Task brief
From top to bottom, retype the data exactly, passing over any picture.

━━ Data segment ━━

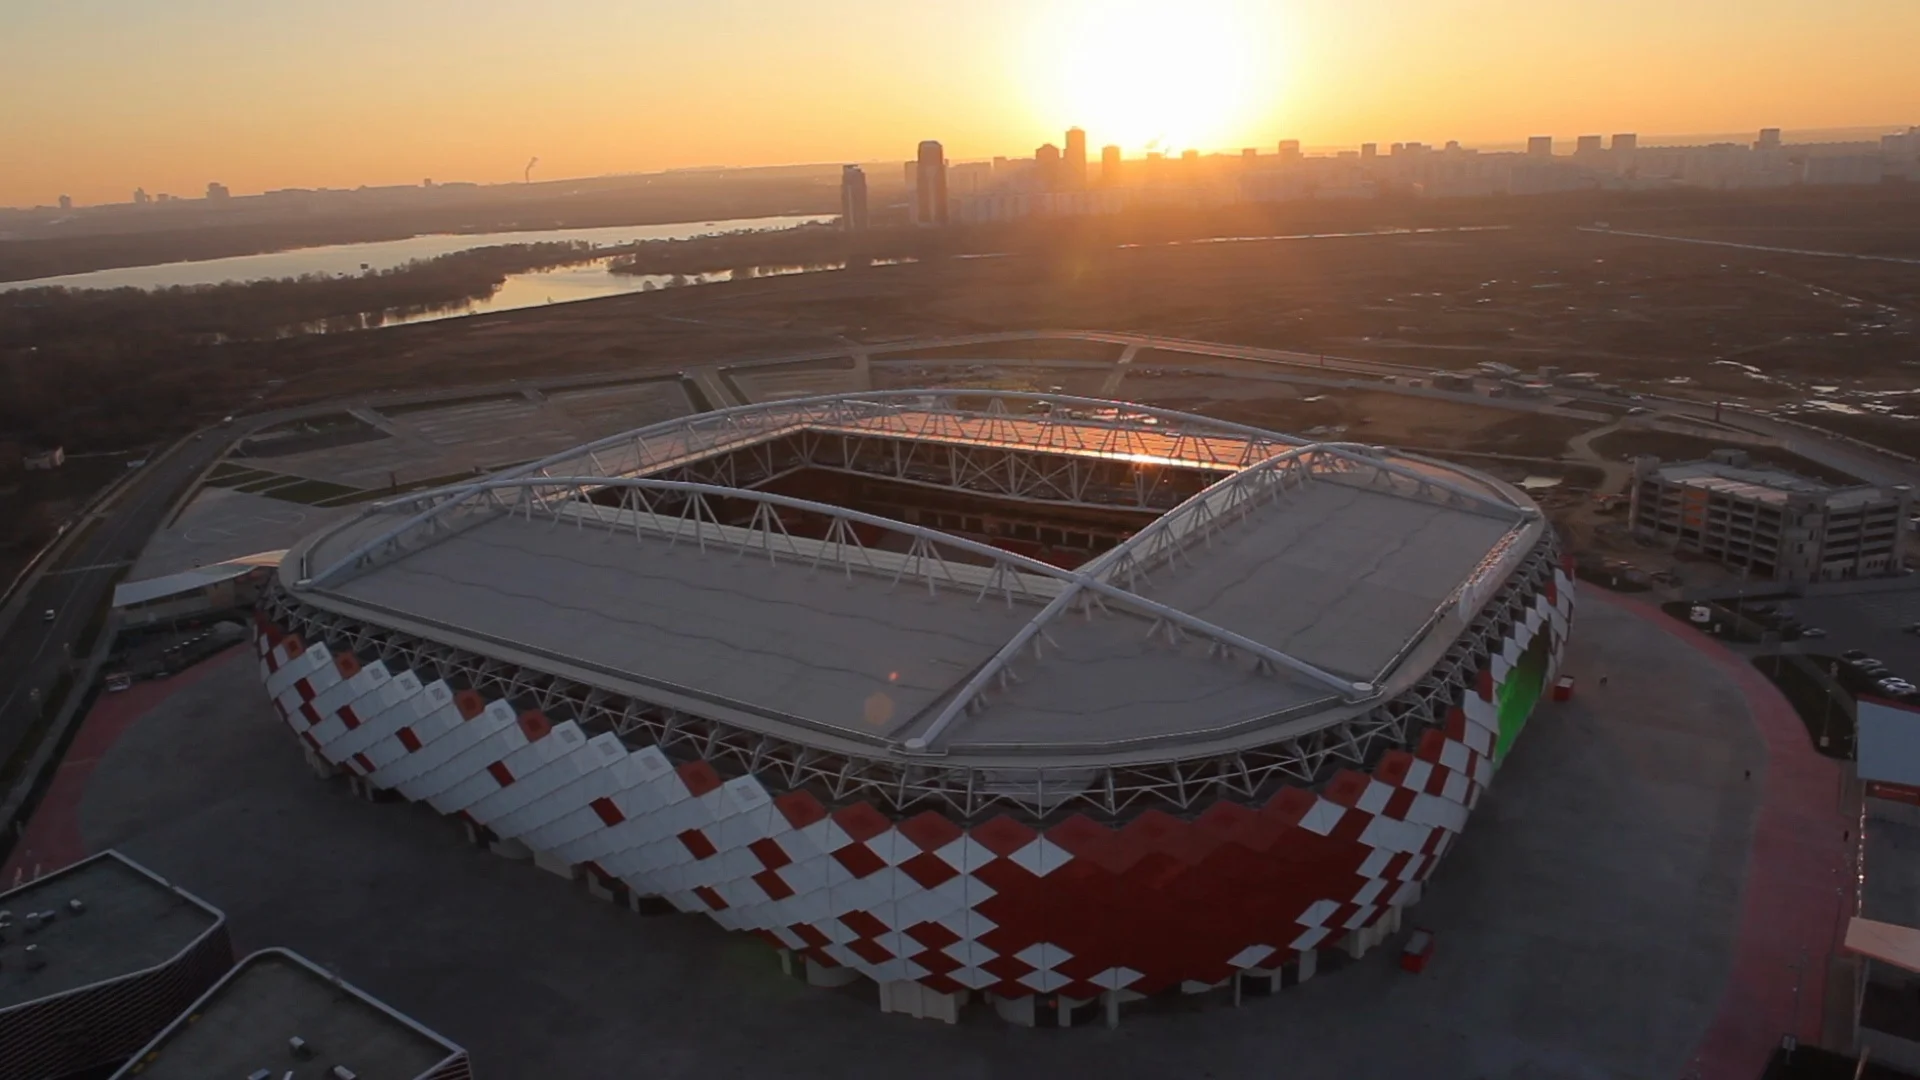 Spartak Stadium (Otkritie Arena) in Moscow – Stock Editorial Photo
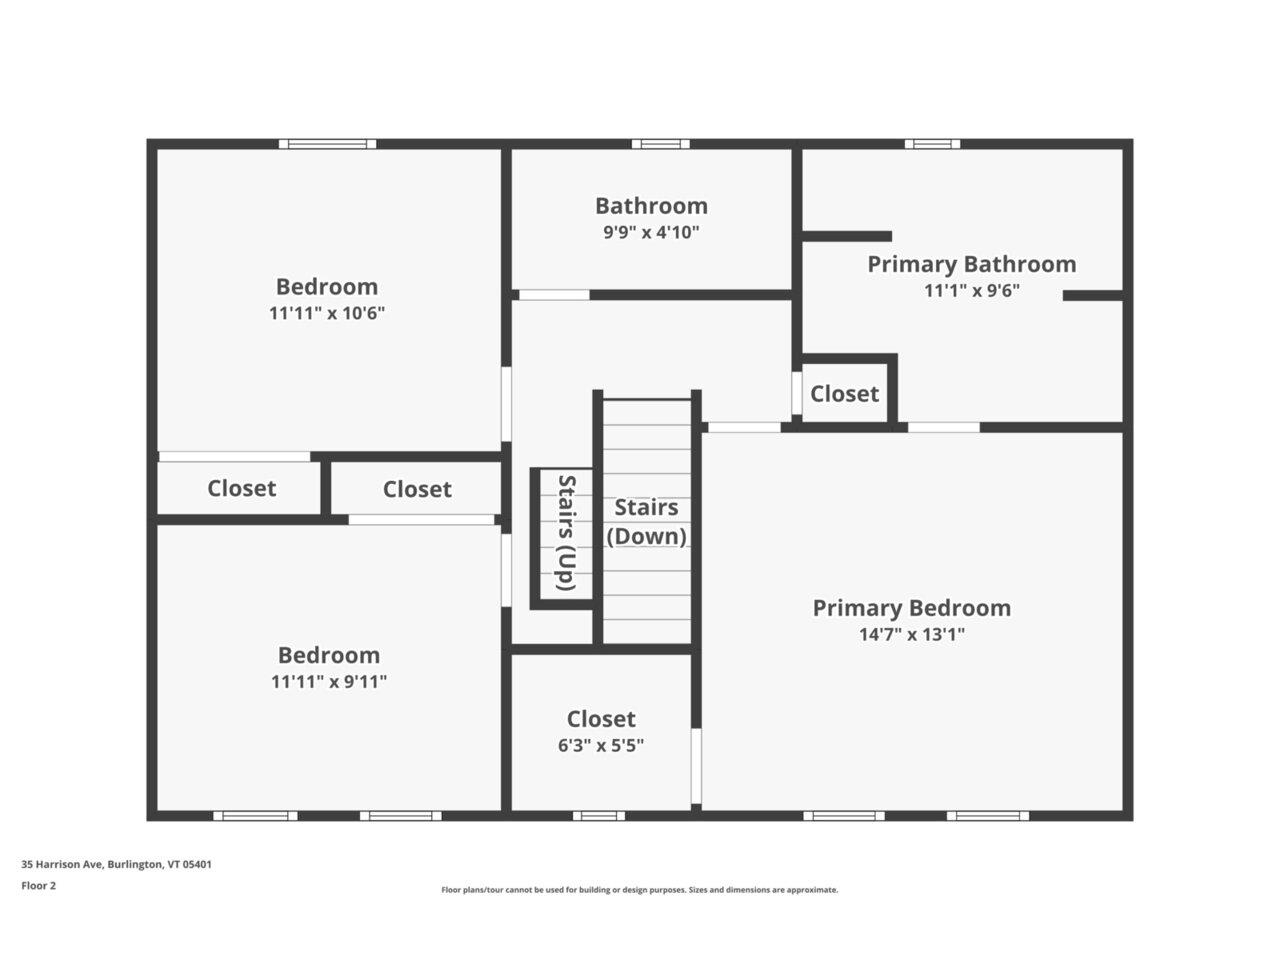 Floor Plan - Second Level
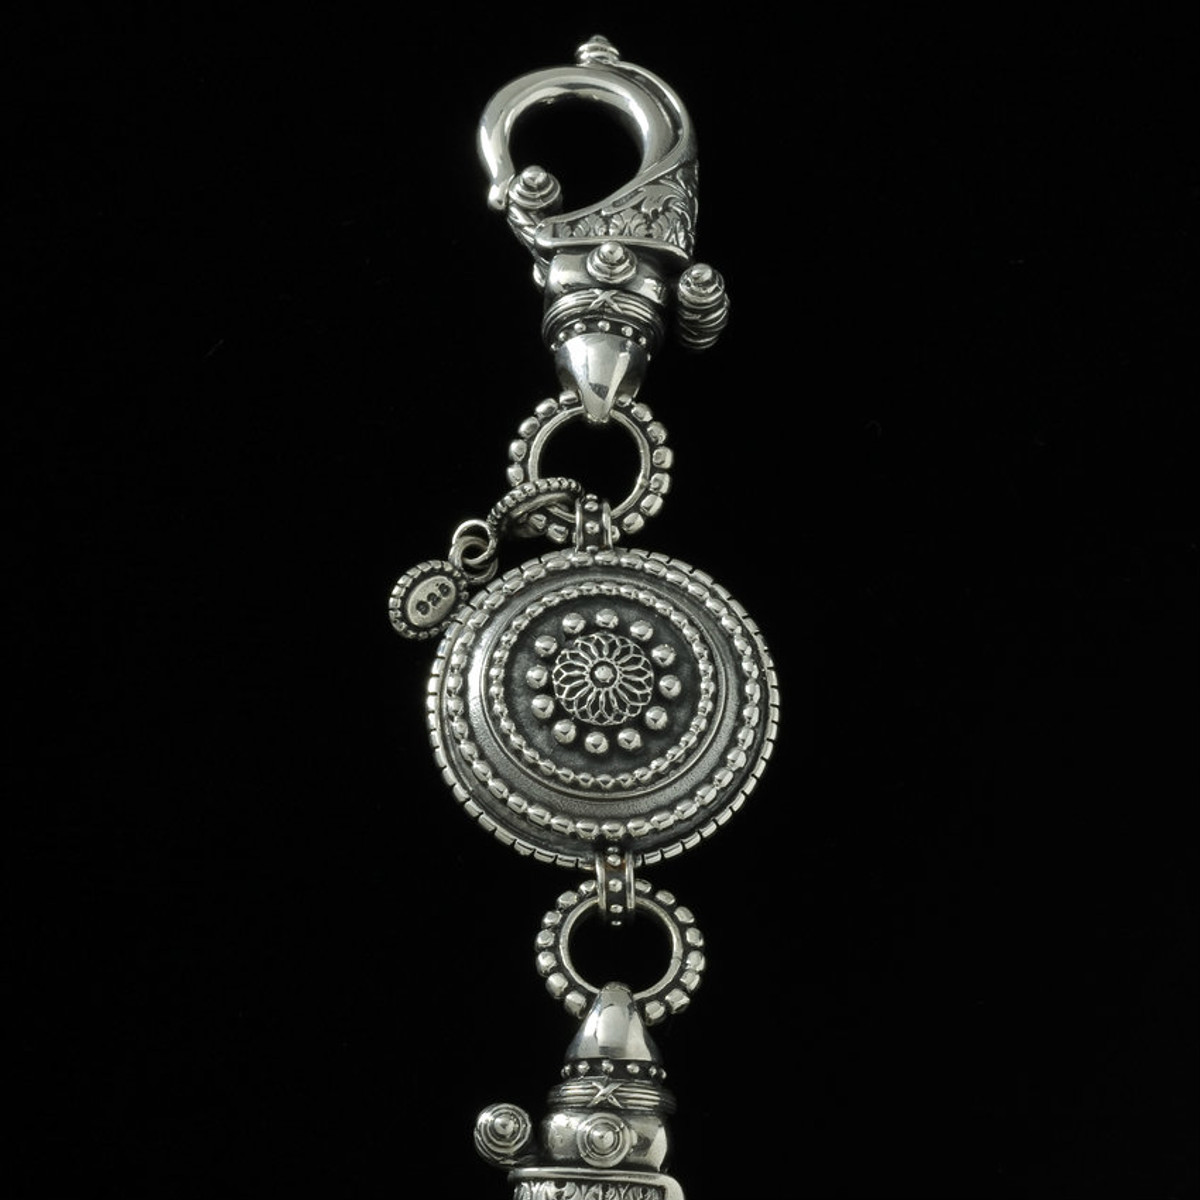 Key Chain in Silver handmade by Bowman Originals, USA
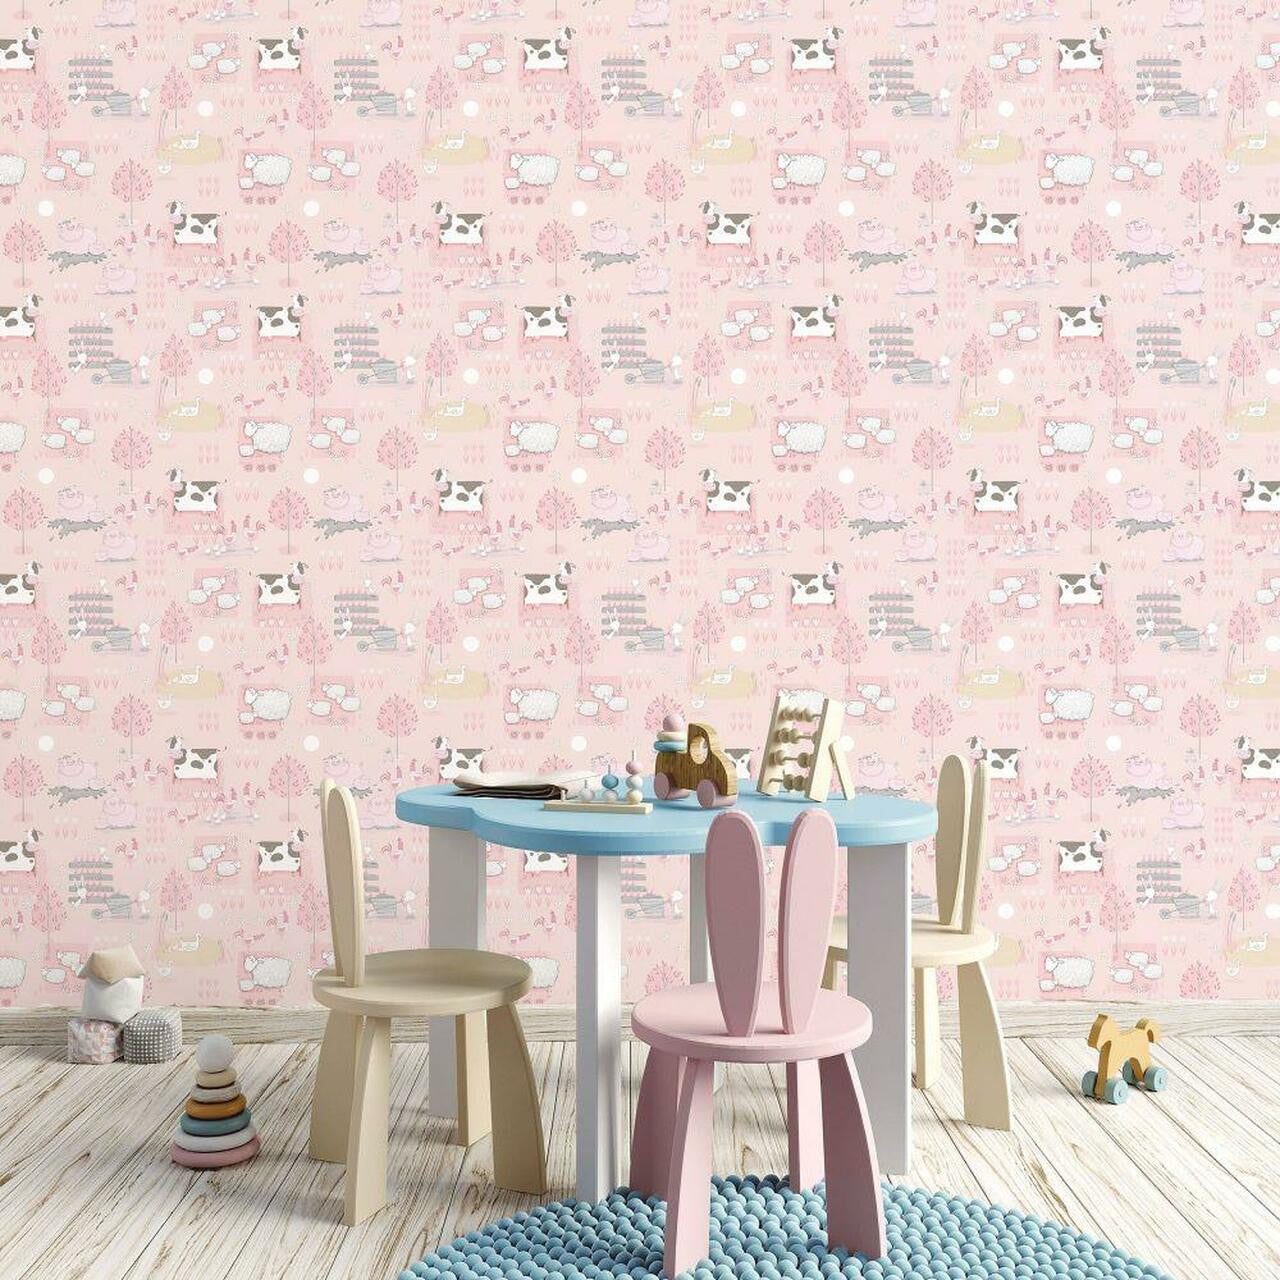 Farmland Tiny Tots 2 Nursery Room Wallpaper - Pink

━━━

Your solution
 Spartak Stadium (Otkritie Arena) in Moscow – Stock Editorial Photo
 Floor Plan - Second Level
 Key Chain in Silver handmade by Bowman Originals, USA
 Farmland Tiny Tots 2 Nursery Room Wallpaper - Pink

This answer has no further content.